╔══

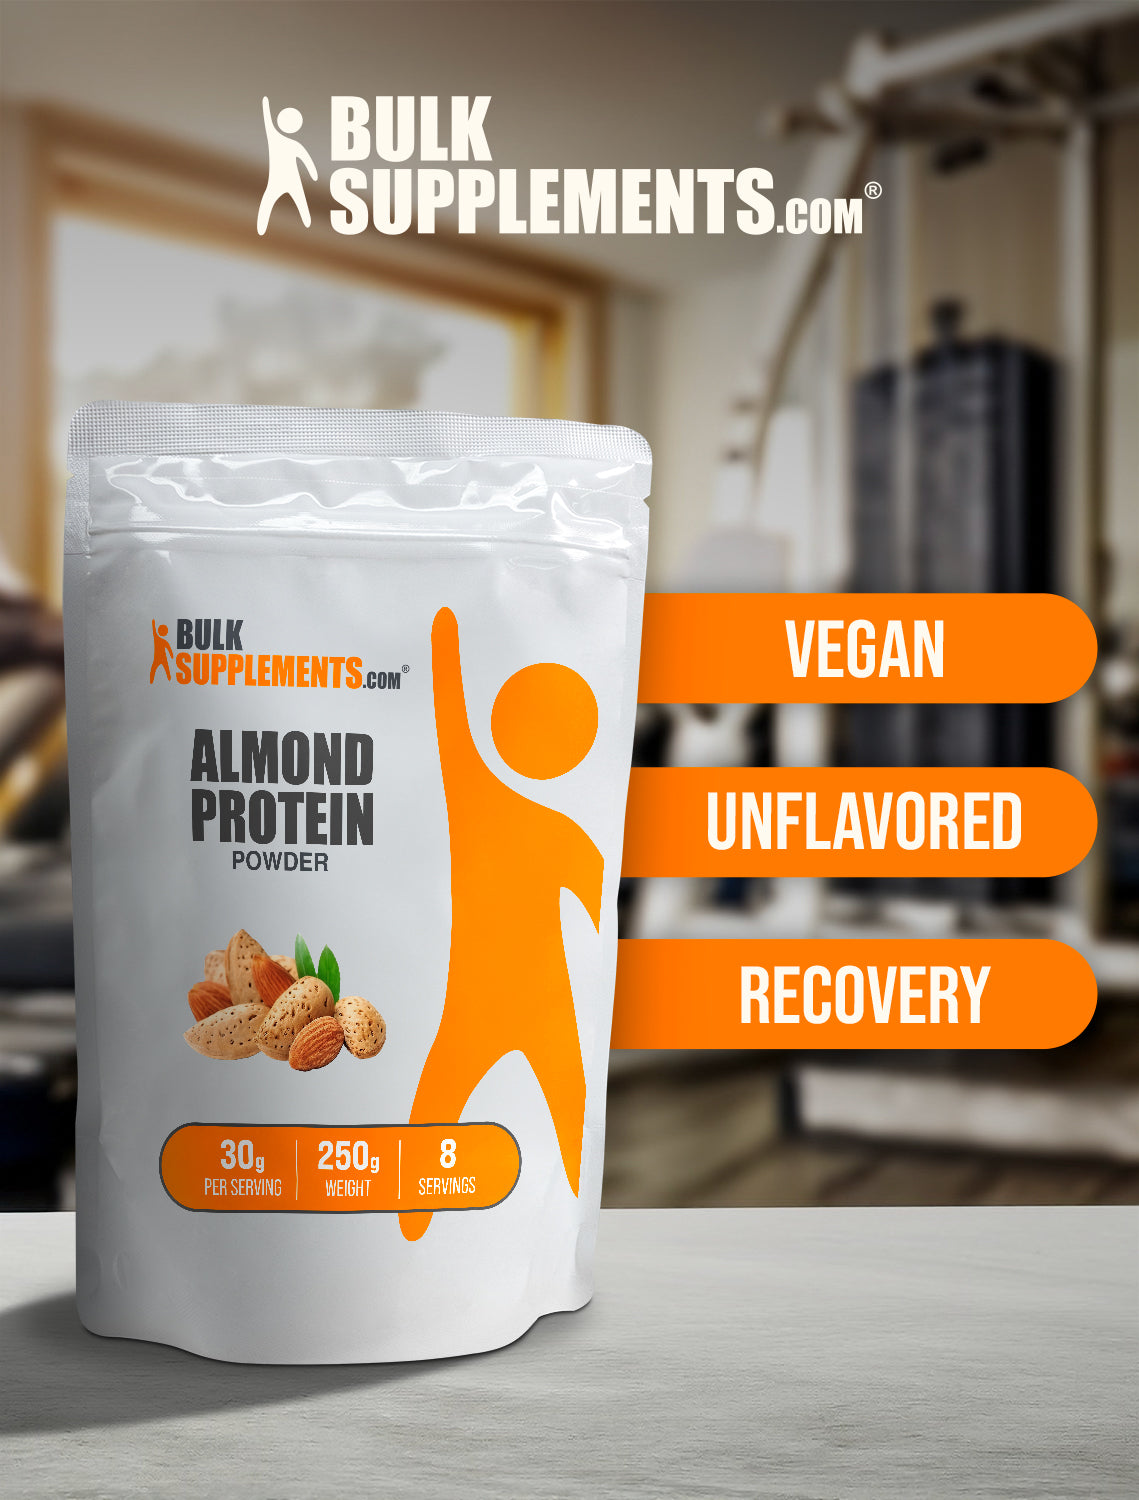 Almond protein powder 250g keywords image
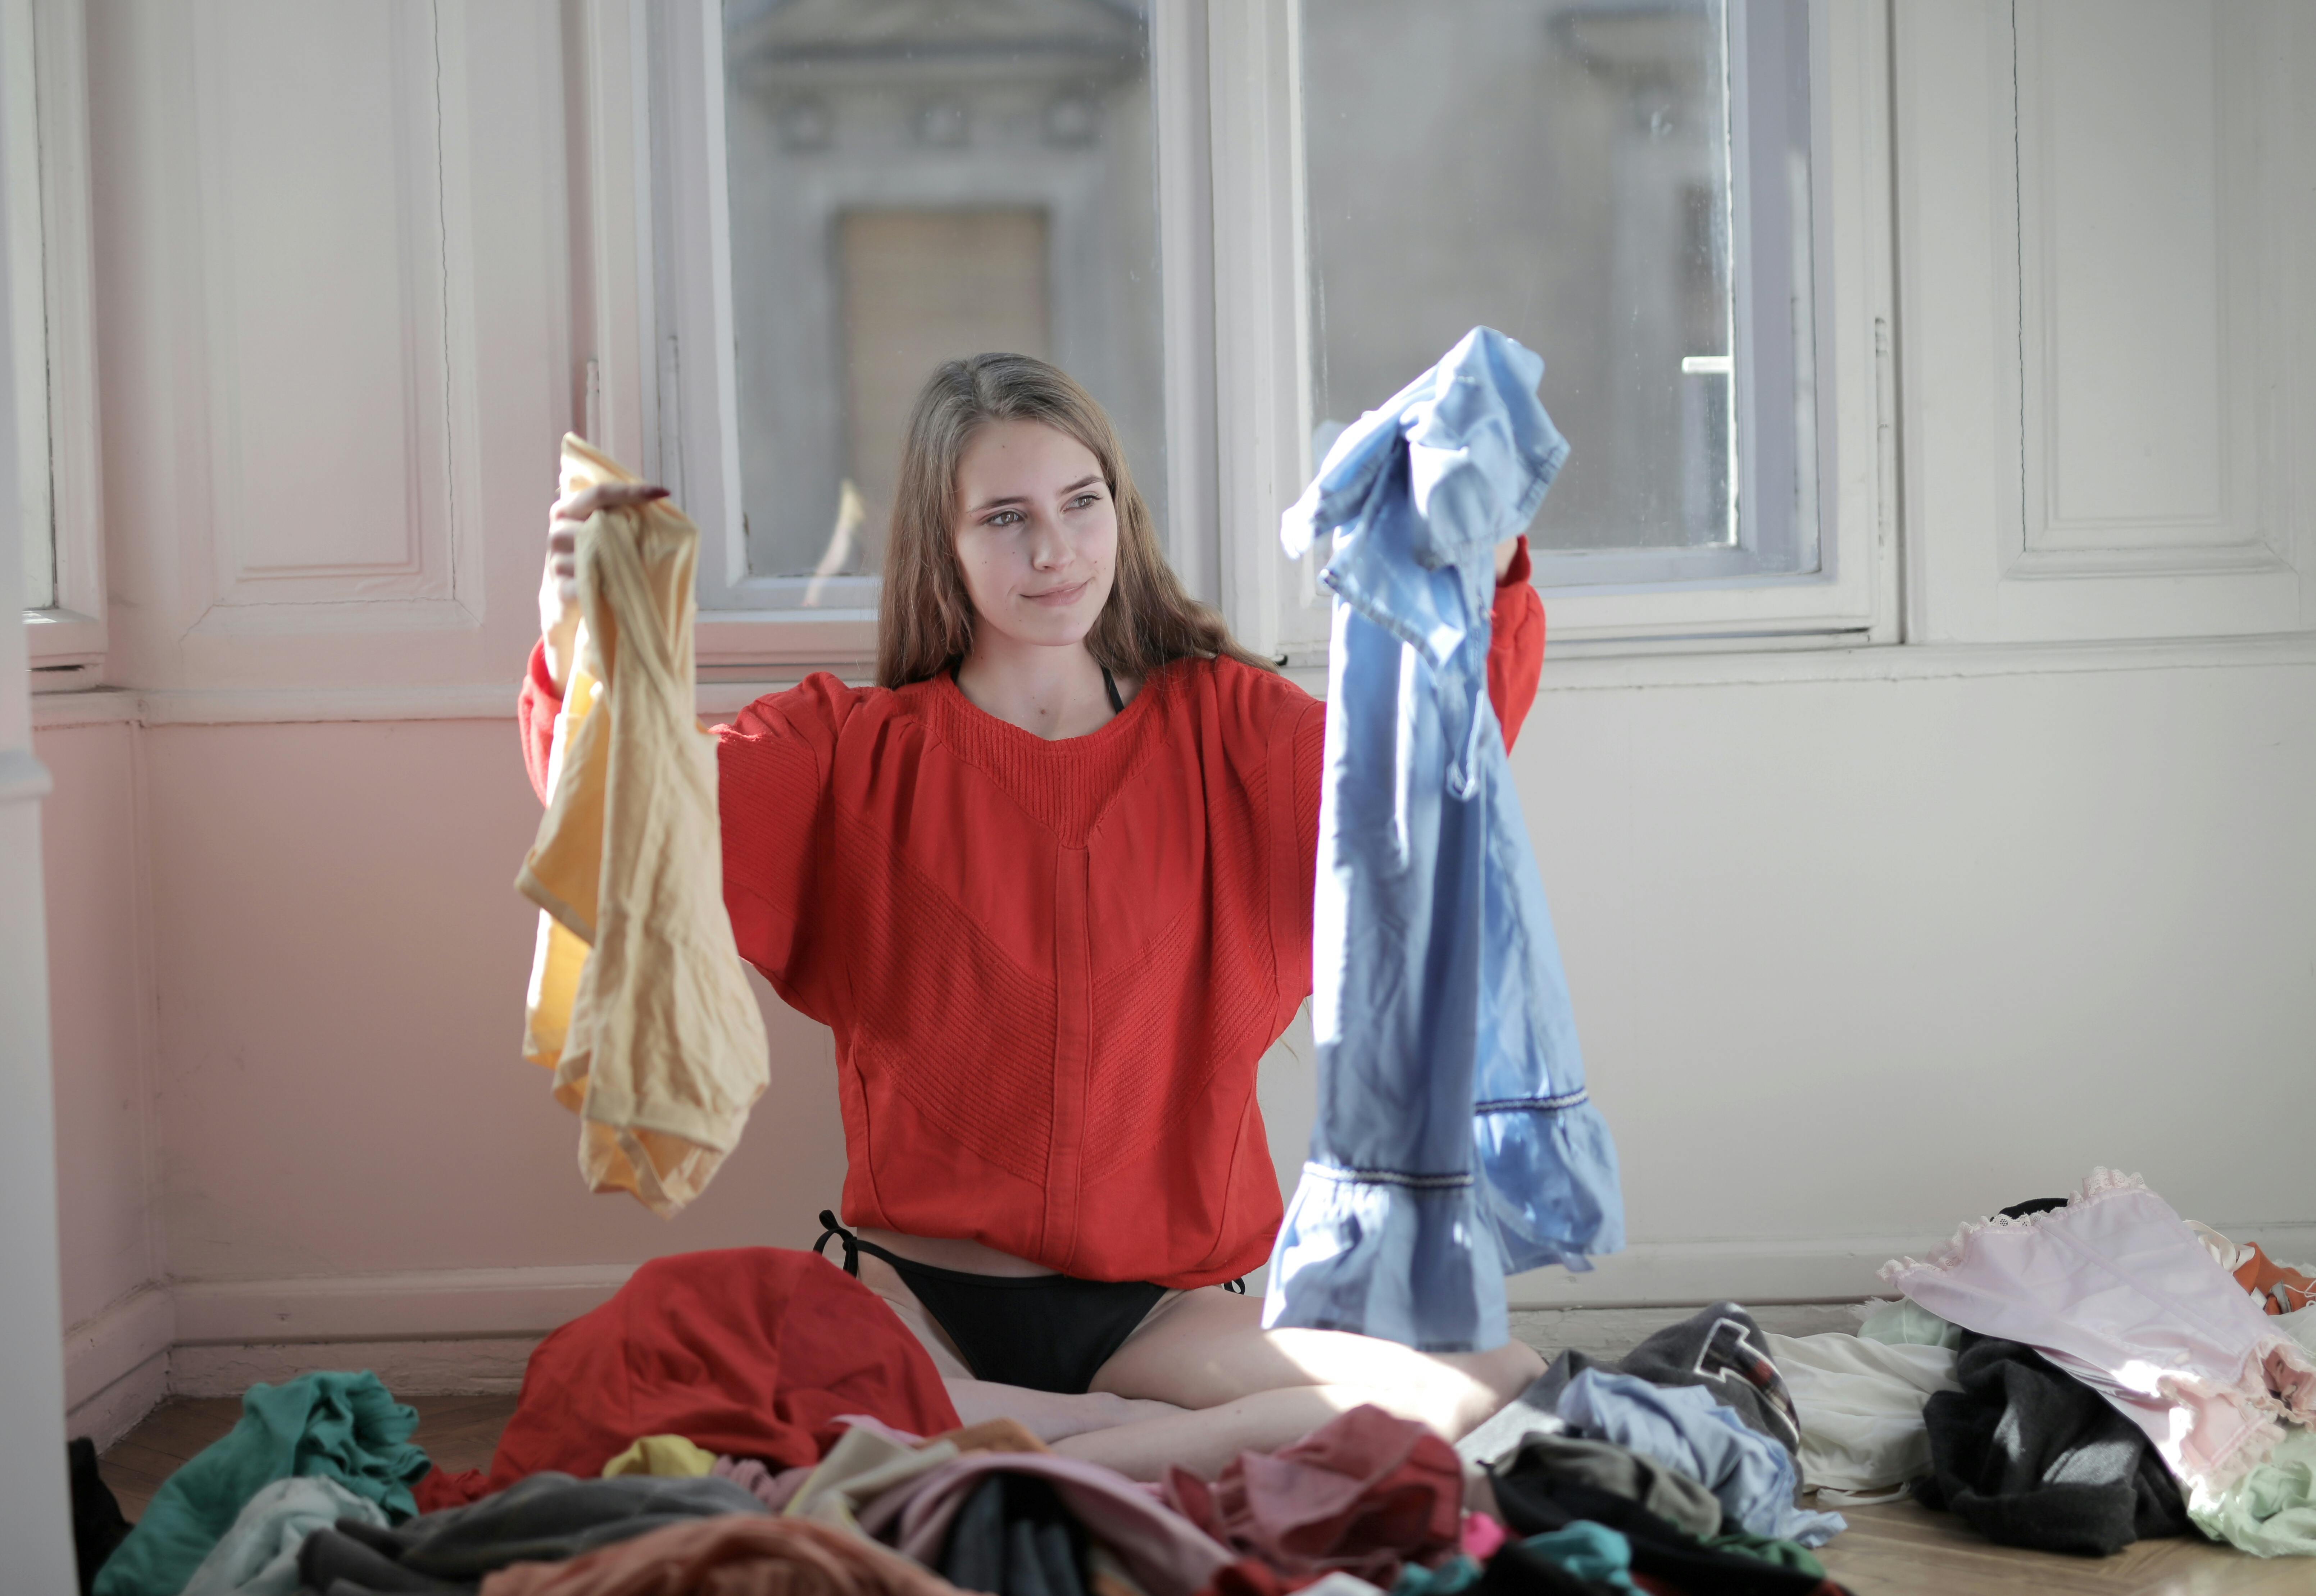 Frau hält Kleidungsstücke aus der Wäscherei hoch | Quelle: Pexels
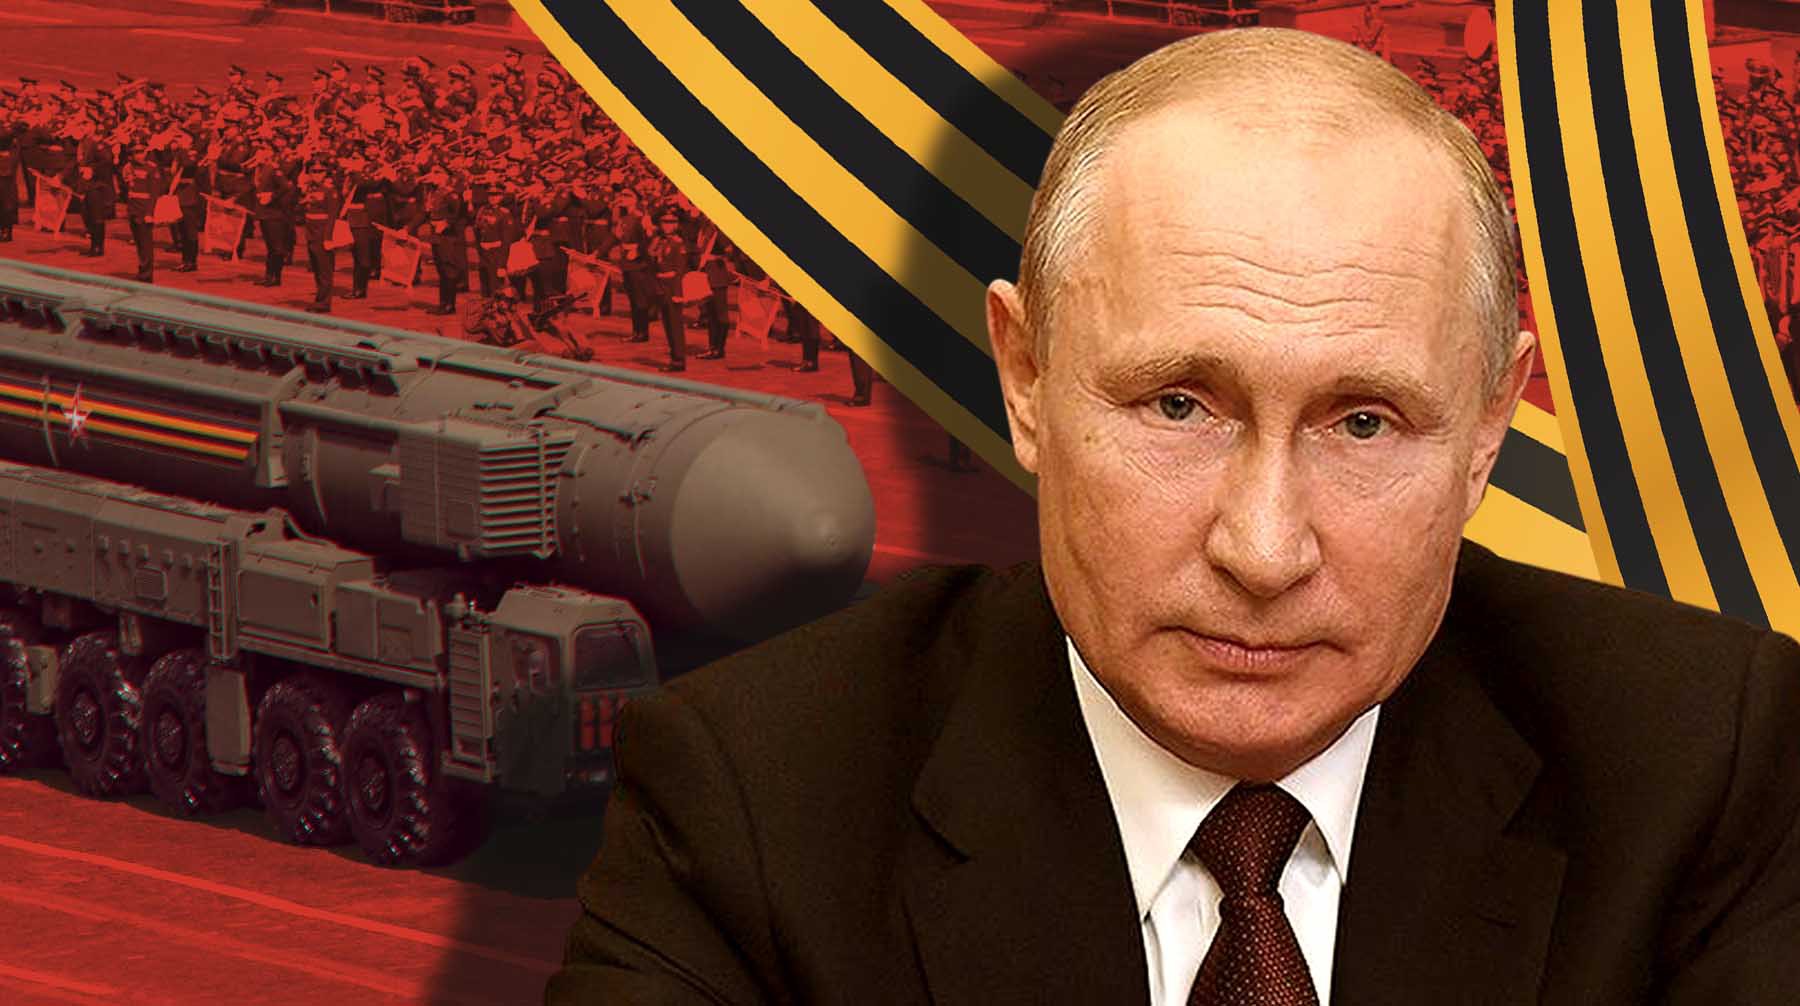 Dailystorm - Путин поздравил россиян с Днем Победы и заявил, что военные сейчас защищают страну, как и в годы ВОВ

╚══

Task to carry out:
Would you please give the material above again, unchanged but without pictures?

Response to the task:
 Almond protein powder 250g keywords image
 Frau hält Kleidungsstücke aus der Wäscherei hoch | Quelle: Pexels
 Dailystorm - Путин поздравил россиян с Днем Победы и заявил, что военные сейчас защищают страну, как и в годы ВОВ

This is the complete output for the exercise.